Imagine that you are watching a blue square and a red circle. Your visual system is not just to detect the attributes (blue, redness, roundness, squareness), it must also find out which attribute belongs to which object. This may not be a complicated task for us. However, in the brain, this is not a trivial matter.

To know that round and red are the attributes of an object at the same place, a large number of complex calculations are required. The visual system needs to be "sticky" with redness and redness, considering that they belong to the same object, and do the same treatment of the blueness and squareness. This glue process is feature integration.

According to this theory, the situation that happened in the crowded was that the visual system detected the attributes outside, but it could not figure out which attributes belonged to which objects. Therefore, what you see is a lot of messy features, and your consciousness cannot distinguish a letter from other letters.

New illusion

Recently, we discovered a new visual illusion and raised a series of new issues for the concept of crowded. We tested what happened when the three objects were the same, for example, in the following situations.

Via: TheconVersation

When you look at "+", what do you see? We found that more than half of people said there were only two letters there, not three.
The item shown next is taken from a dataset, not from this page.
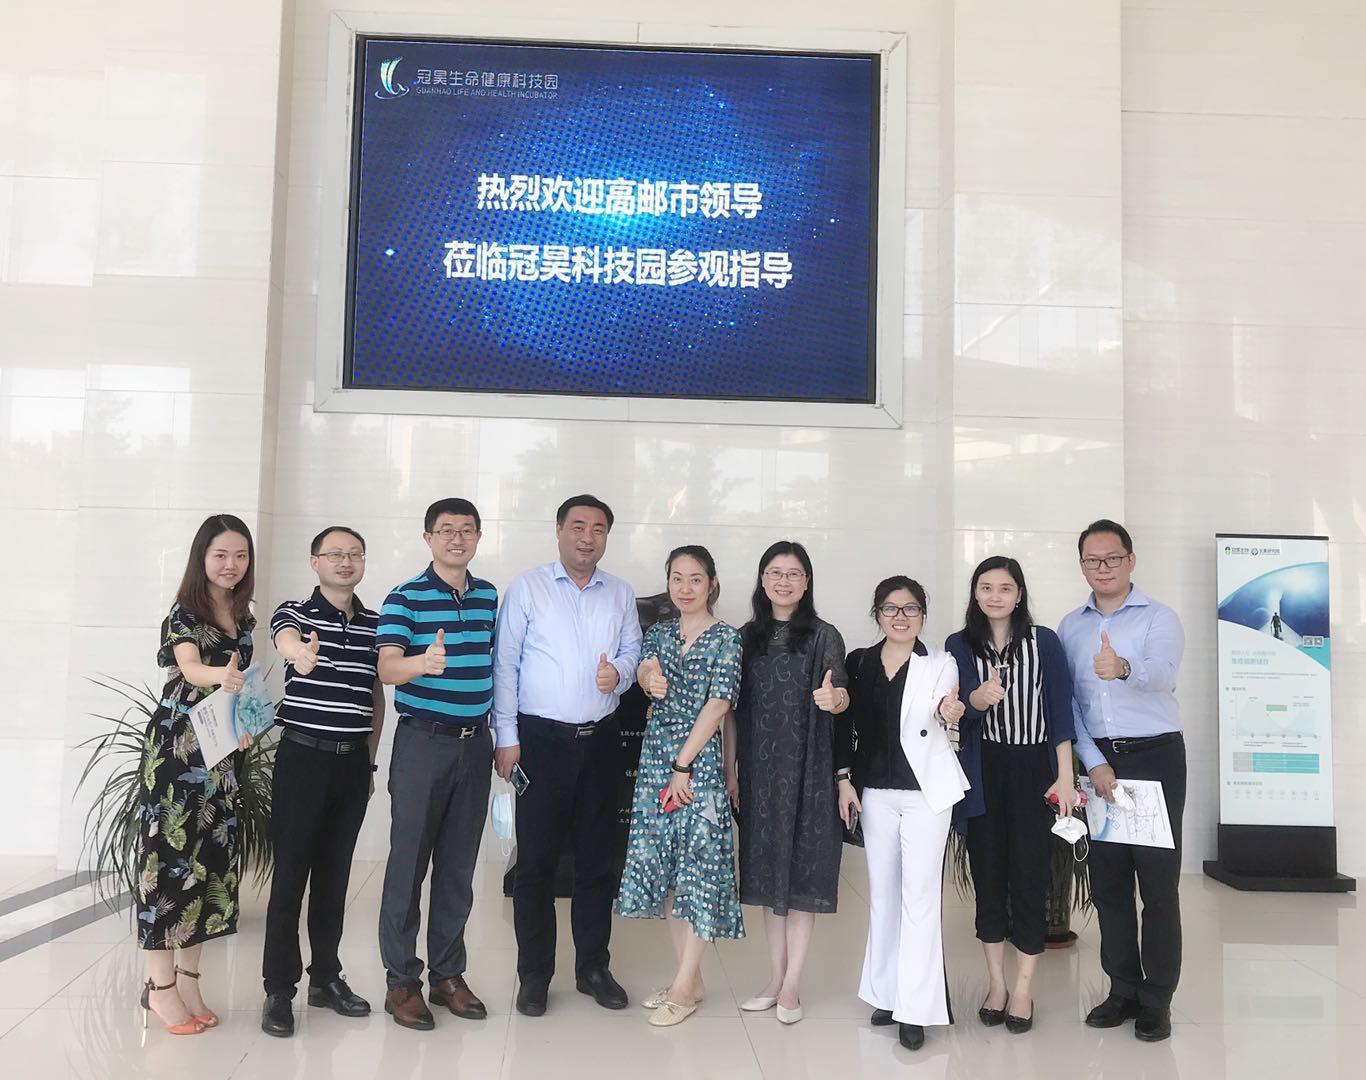 来访交流 | 江苏省高邮市领导一行莅临冠昊科技园指导调研!

In fact, follow -up work seems to show that they are quite confident in this incorrect judgment.

This is a surprising result. Different from normal crowded, what you see is not a messy feature. On the contrary, a complete letter emerges neatly from consciousness. This result is inconsistent with the theory of feature integration. This is not to say that the visual system detects all attributes, but just confuse which attributes are. On the contrary, a complete object disappeared.

We don't think the failure of characteristic integration is the cause of the occurrence. Our theory is that this illusion is caused by the "redundancy masking". In our opinion, the visual system can detect several of the same letters outside, but it does not seem to calculate how many. Maybe it is just not worth spending energy to accurately calculate the number of letters. When we opened our eyes, we worked hard to get the consciousness of our environment. However, the basic process of creating this picture is not effortless. Visual hallucinations such as redundant cover can help us solve the working principles of these processes and ultimately help us explain the consciousness itself.

Via: giphy

Reference (click slide to view)

1. Sayim, B., Taylor, H. (2019). Letters Lost: Capturing Apperance in Crowded Peripheral Vision Reve Kind of Masking. Psychology science, 30 (7), 1082-1086.

2. Pelli, D. G., Palomares, M., Majaj, N. J. (2004). Crowding is unlike ordenedInary Masking: Distinguishing Feature Integration. Journal of Vision, 4 (12), 12-12.